# Mail Box Post



## drycreek (Jun 15, 2012)

I know it has that ugly stuff called paint but the BOSS rules.
http://i1183.Rule #2/albums/x471/bailey591/Untitled.jpg


----------



## Mike1950 (Jun 15, 2012)

Nice looking Post. I used to have a nice post But some SOB kept driving over it. In the early 90's I gave up and put in a very large ugly railroad tie. SOB went for easier pickins elsewhere. I was hopin they would give it a shot.........


----------



## Kevin (Jun 15, 2012)

That post is so pretty it makes the box look ugly. Okay uglier even than they already are. 

:welldone:


----------



## NYWoodturner (Jun 15, 2012)

Nice Job Larry ! I like the design.

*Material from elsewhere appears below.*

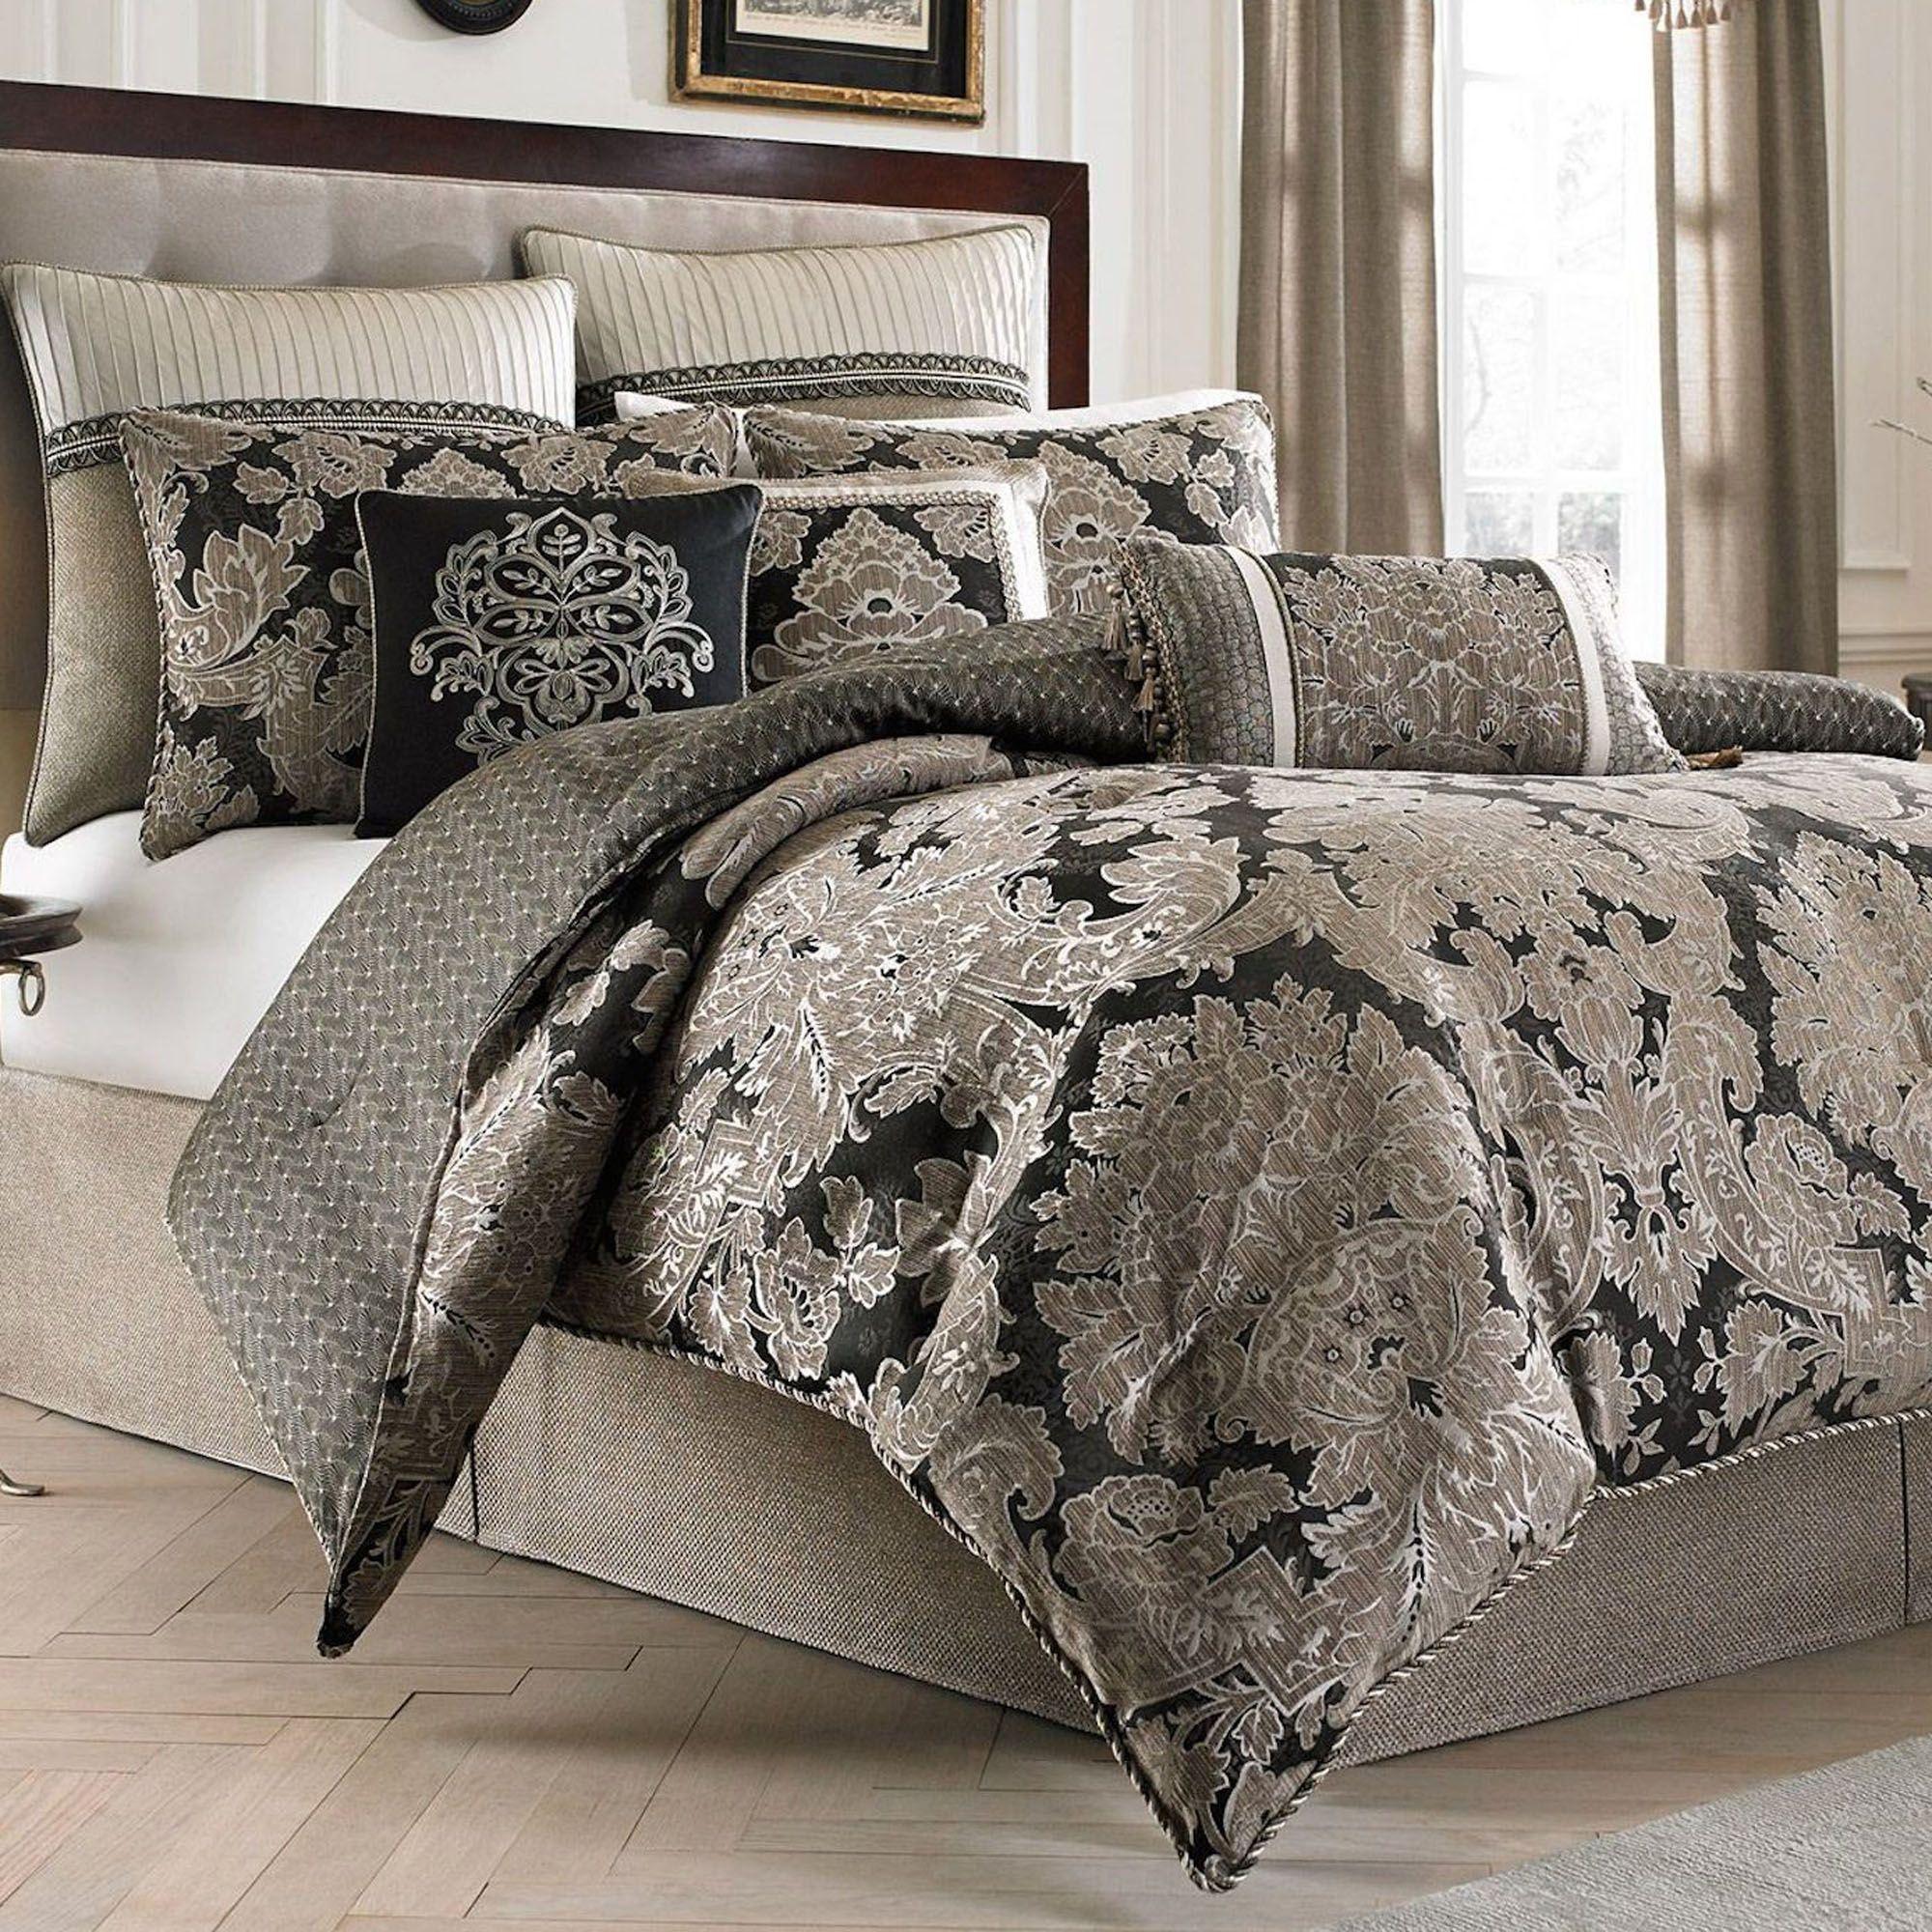 today piece bath set bedding product comforter overstock aurelio croscill sets shipping free

Its nice enough to excuse the paint !\:big grin:
Scott


----------



## Kenbo (Jun 16, 2012)

Nicely done. We don't have mailboxes here in the city. They bring the mail right to your door, but if we did, this would be the kind of thing that I would want. Very nice work.


----------



## txpaulie (Jun 16, 2012)

I like it!
It's a project I've been putting off for 5+ years...:dash2:

Currently, we have to back up to get in the drive, after checkin' the mailbox...
I need to move it about 12' east!:i_dunno:

p


----------



## drycreek (Jun 19, 2012)

Thanks for the compliments everyone.


----------



## Rowdymon (Jun 22, 2012)

Very nice...

Used to have a lake house with a mailbox...we were on a sharp turn on a dirt road. Seemed like every time I went up there the mailbox would be destroyed.

Answer was ugly, but hillarious...

Treated 4x4 put in place, then surrouneded by a concrete culvert filled with sand...place mailbox on top.

No more problems.

However, let me say that's a coll mailbox post...much prettier than what I have done in the past.


----------